Full Program »
Make Data Reliable : An Explanation-powered Cleaning on Malware Dataset Against Backdoor Poisoning Attacks
Machine learning (ML) based Malware classification provides excellent performance and has been deployed in various real-world applications. Training for malware classification often relies on crowdsourced threat feeds, which exposes a natural attack injection point.
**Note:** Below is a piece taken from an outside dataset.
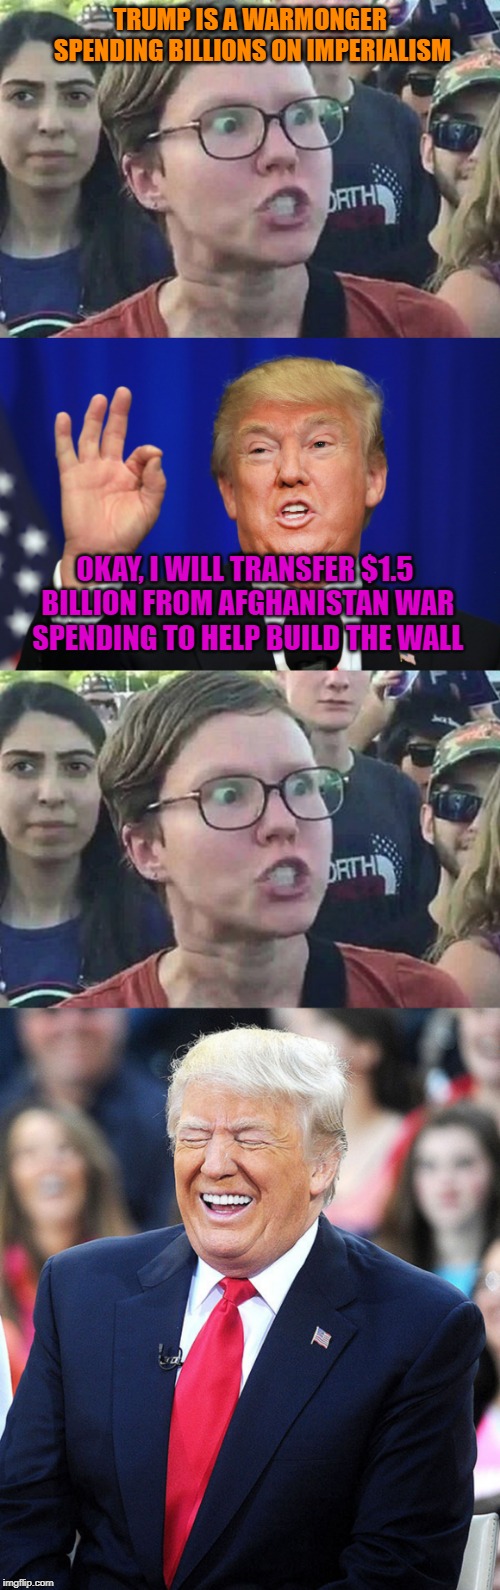 They are never happy | TRUMP IS A WARMONGER SPENDING BILLIONS ON IMPERIALISM; OKAY, I WILL TRANSFER $1.5 BILLION FROM AFGHANISTAN WAR SPENDING TO HELP BUILD THE WALL | image tagged in triggered liberal,trump laughing,the best trump,politics,libtards,build a wall | made w/ Imgflip meme maker
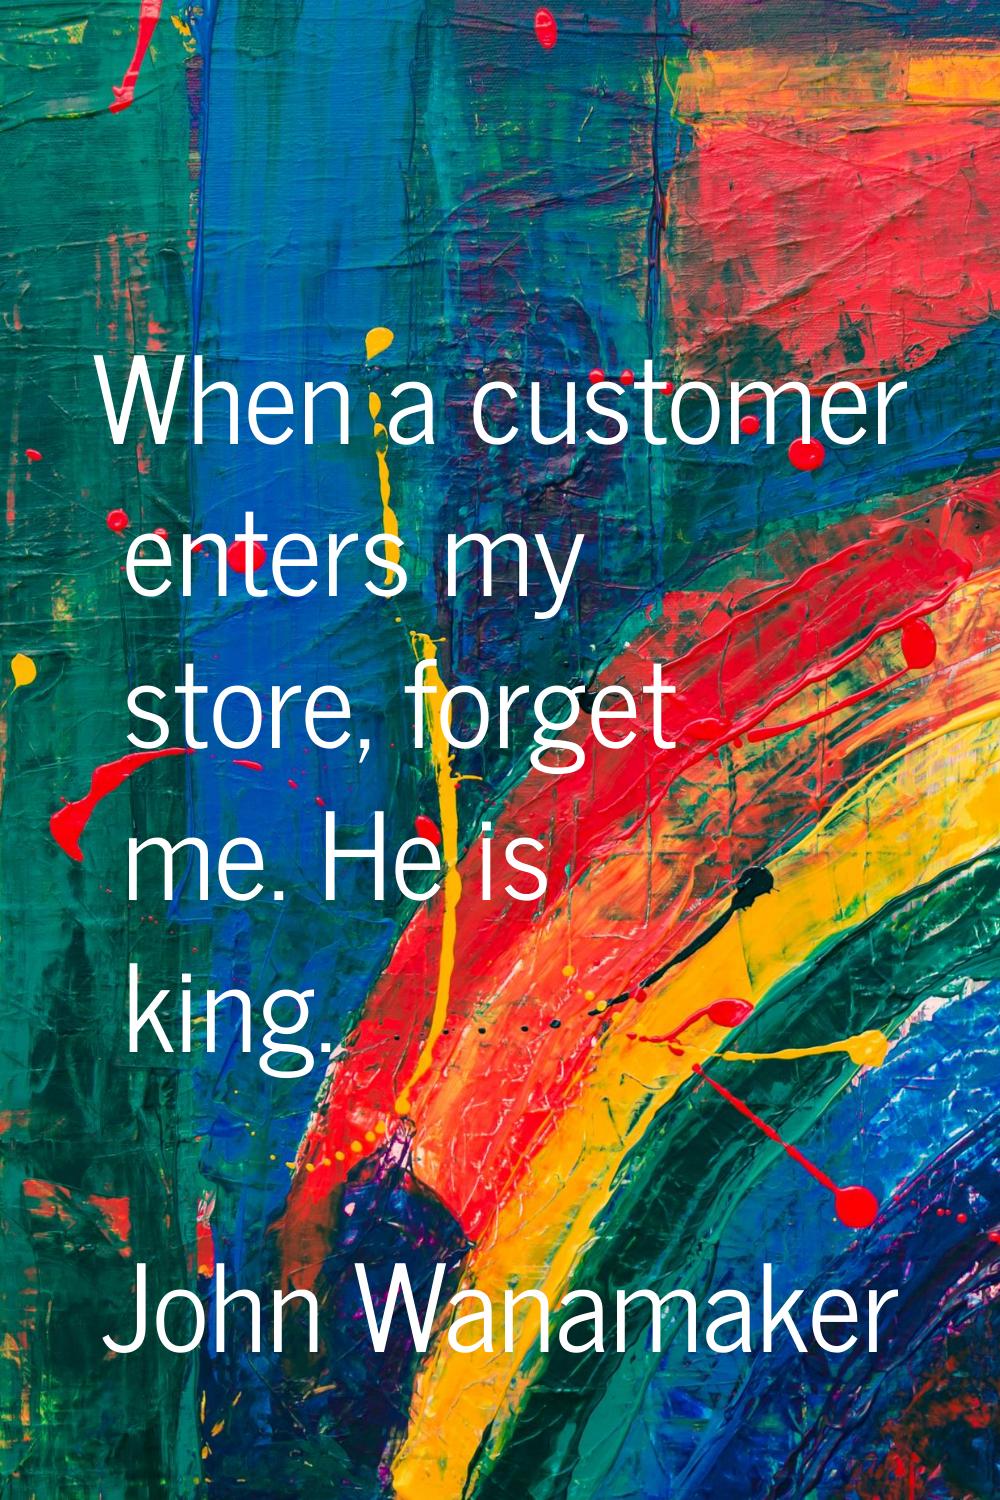 When a customer enters my store, forget me. He is king.

Considering a real-world threat model for backdoor poisoning attacks on a malware dataset, because attackers are generally considered to have no control over the sample-labeling process, they conduct a clean-label attack, a more realistic scenario, by generating backdoored benign binaries that will be disseminated through threat intelligence platforms and poison the datasets for downstream malware classifiers. To avoid the threat of backdoor poisoned datasets, we propose an explanation-powered defense methodology called make data reliable (MDR), which is a general and effective mitigation to ensure the reliability of datasets by removing backdoored samples. We use a surrogate model and explanation tool Shapley Additive exPlanations (SHAP) to filter suspicious samples, then perform watermark identification based on the filtered suspicious samples, and finally remove samples with the identified watermark to construct a reliable dataset. We conduct extensive experiments on two typical datasets that were manually poisoned using different attack strategies. Experimental results show that the MDR achieves backdoored samples removal rate greater than 99.0% for different datasets and attack conditions, while maintaining an extremely low false positive rate of less than 0.1%. Furthermore, to confirm the generality of MDR, we use different models to perform a model-agnostic evaluation. The results show that, MDR is a general methodology that does not rely on any specific model.